A Rip Through Time(100)



“Meaning he likes other men, not pretty housemaids.”

“Yes. He was, as you say, friends with Catriona. I saw no hint of anything more.”

I ask more questions. Did Catriona and Simon have a recent falling-out? Argue? Not that Isla knows of, but she’d been gone for a month, and Gray rarely notices domestic drama.

Does Simon seem any different? Ilsa describes him as quiet, which is not the guy I’ve been talking to. To her, he seems like himself, but they’ve had little contact. He interacts more with Gray, who is not the most observant guy when it comes to his employees.

At that point, I need to tell Isla everything, which means we circle the block around the town house twice. The first time, I’m explaining that I think the killer is the guy who attacked me in the twenty-first century, who was thrown into the body of Catriona’s attacker … and I think that attacker—and body—is Simon. The second circle is spent in silence as she works that through.

“It makes sense,” she says slowly, as we steer to add an extra block onto our walk. “The inciting event is the attack happening in two periods. Two women attacked by two men in a similar manner on the same spot. If you jumped into Catriona, it is logical that your attacker could have jumped into hers.”

I don’t answer. She’s working it through, and we’re to the next corner before she says, “Do you know anything of the man who attacked you in your time?”

“I saw his face, but that doesn’t help. He was a serial killer who’d murdered two people. Strangled them with a rope, like he’d used on me. I’d seen him earlier that day in a coffee shop. I spilled coffee on him.”

Her brows shoot up.

“It was my fault. I was distracted, trying to do too many things at once, and I bumped into him. I apologized—I felt terrible—but he brushed me off and then stalked me and tried to murder me.”

“That seems excessive.”

“In my world, people have been drawn and quartered for less.” I glance over at her. “Kidding, obviously. It wasn’t an overreaction to the coffee spill as much as an excuse. Some serial killers murder indiscriminately, because it’s about the act, not the victim. For others, it’s about the victims—picking people who remind them of Mommy or the girl who turned them down or whatever. With this guy, it was a game. He let his victims self-select, so to speak. If someone pisses him off, in a very ordinary way, can he track and kill them?”

“Cerebral,” she murmurs. “That’s what you and Duncan called the murder of Archie Evans. Methodical and cerebral, lacking passion or bloodlust.”

“If I were to speculate, based on the murders in my time and here, I’d say that we’re dealing with a guy who thinks he’s clever. His driving force is ego. He wants to get away with it, and because he’s not compelled to kill in a specific way, he can avoid patterns and connections that would get him caught. Then he arrives here, before the golden age of serial killers.”

“The golden…?” She shakes her head. “I don’t even want to know what that means. Presumably, they become more common.”

“To many people in our time, the first serial killer doesn’t strike for another twenty years. He wasn’t the first, but he’s still the most famous. This guy comes here and thinks he can steal his thunder. Be clever and memorable. Except no one cares. So he goes another route. Replicate those murders. Out-ripper the Ripper.”

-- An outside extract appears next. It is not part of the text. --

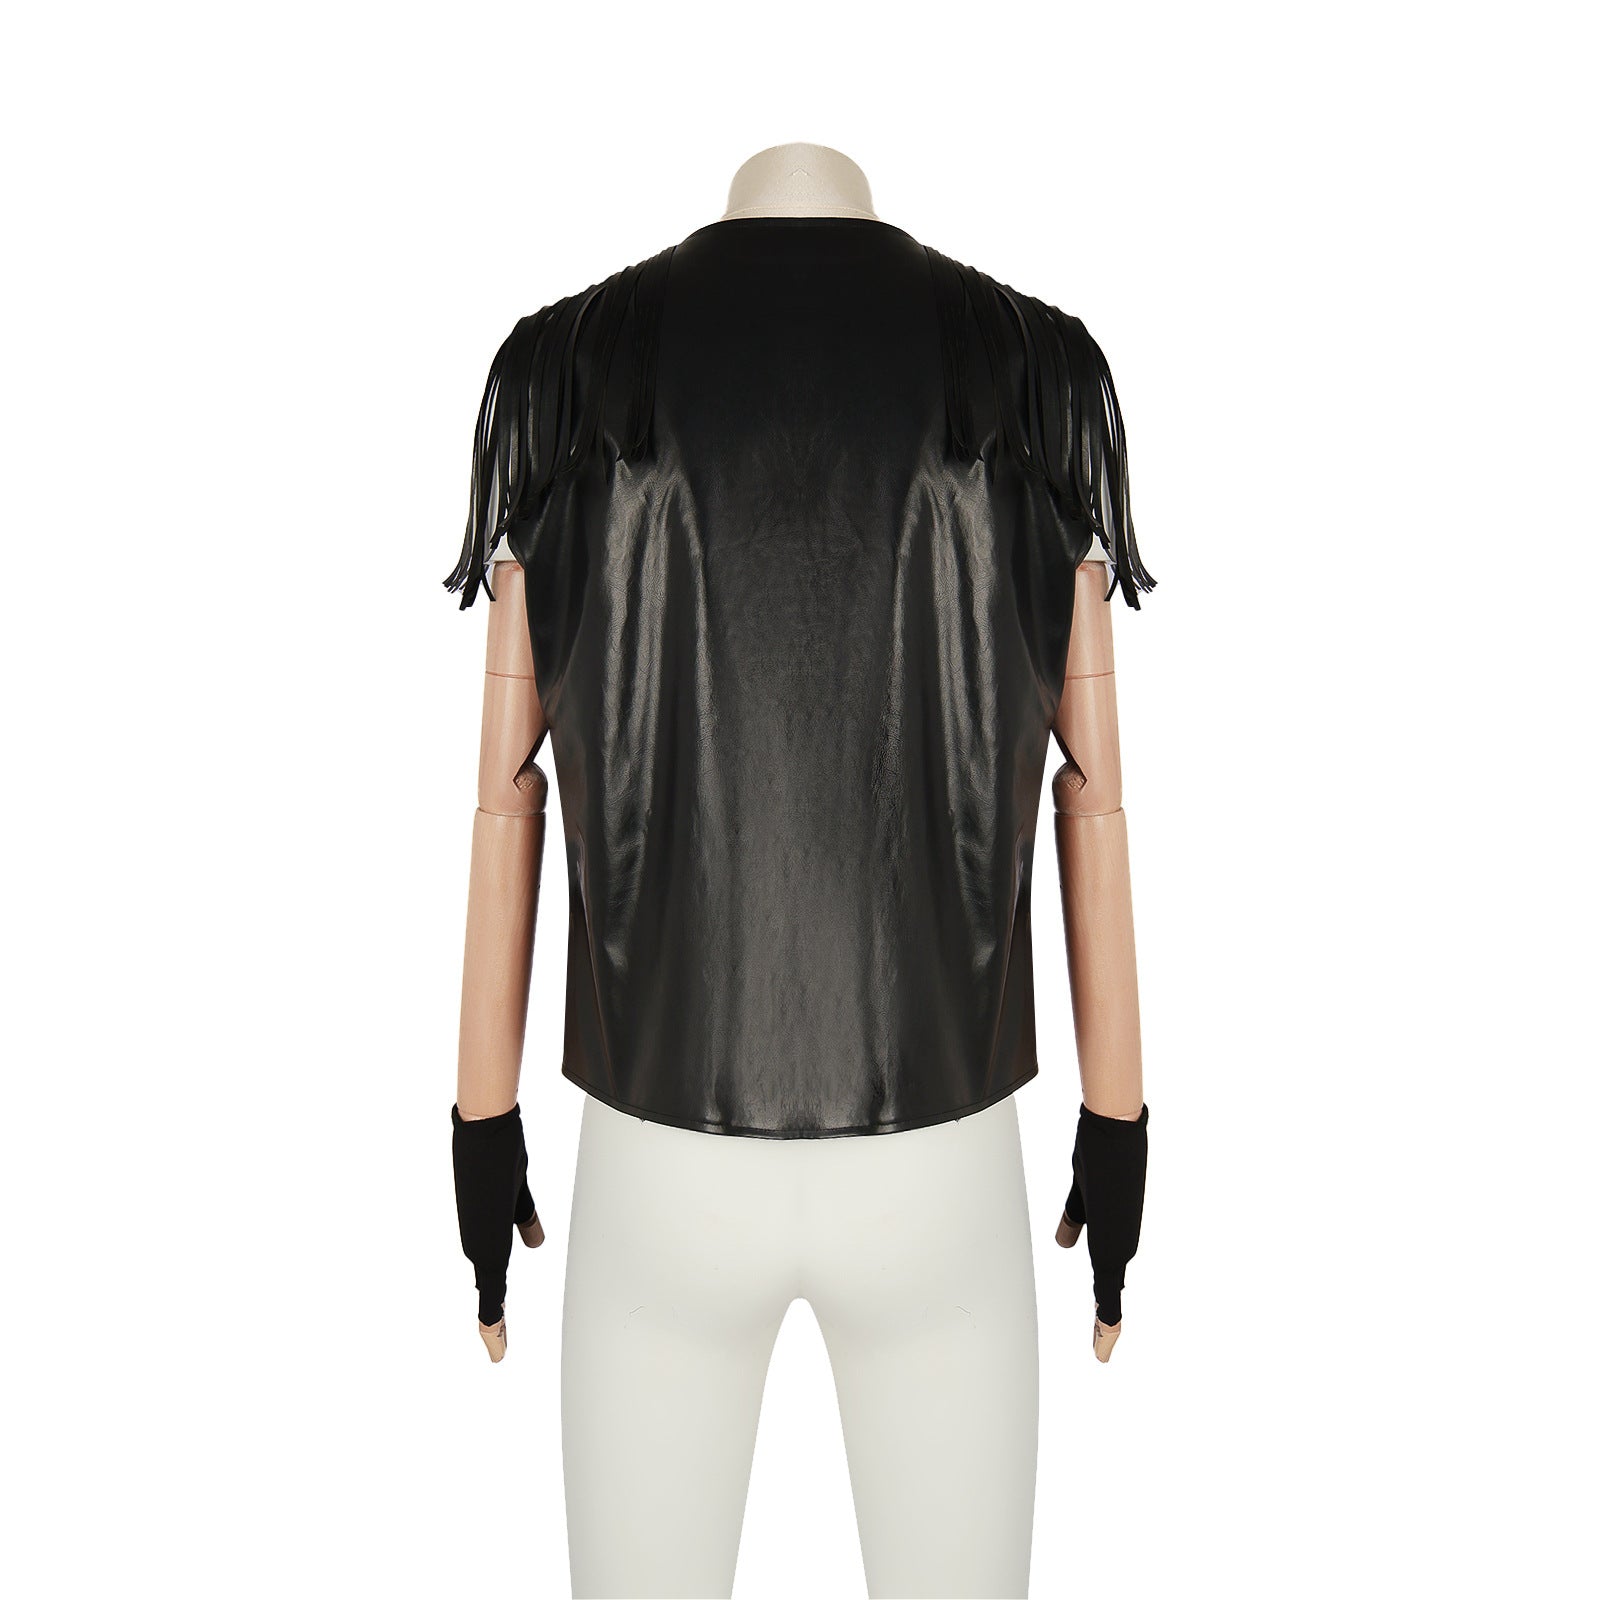 A mannequin from the back wearing a sleeveless black leather top with fringe detailing on the shoulders and black fingerless gloves, embodying a distinct Harajuku style. White pants complete the eclectic outfit with a European Retro Vest For Men from Maramalive™.

“The…?” Another head shake. “I definitely don’t want to ask about that.”

“You do not. The point is that he replicated a future famous murder and will undoubtedly continue on with the rest of the killing spree, meaning we need to stop him before he does.”

“Agreed.”

“We recognized each other in that attack,” I say. “I believe he knows who I am, and I know who he was. It’s the ‘was’ part that’s a problem. He has the advantage.”

“And you think he’s now Simon?”

“I’m theorizing that he could be Simon. What I need from you is either proof that the guy in Simon’s body is Simon or additional support for the idea that it might not be.”

“I honestly can’t say either way, Mallory. I haven’t had enough contact with him in these last few days.”

“Then the next step for me is finding proof. I’m not going to approach him directly—that’s dangerous if he’s the killer, because the killer realizes I’m not Catriona either. Would Mrs. Wallace know Simon better than you?”

“Yes, but she is not … fond of Catriona.”

“Oh, I know it. I can work around that. I’ll talk to her, and maybe talk to Dr. Gray if I can, and then, when I have a better idea either way, I’m going to ask you to send Simon on an errand so I can search his room. Can you do that?”

“Easily.”

“Good.”





THIRTY-FIVE


I’ve been in the house for an hour and haven’t spoken to Mrs. Wallace yet. First, I told myself I needed to come up with subtle questions. Then, I decided I should do some housework, so she won’t grumble about me shirking my duties. The truth is that I want time to think, because I don’t like this solution to the puzzle.

It fits. I know my twenty-first-century killer inhabits the body of Catriona’s nineteenth-century one. I know he tortured Archie Evans for something, and I could be wrong about what, but I am not wrong that Evans was investigating Catriona on behalf of someone who might have been angry enough to kill her.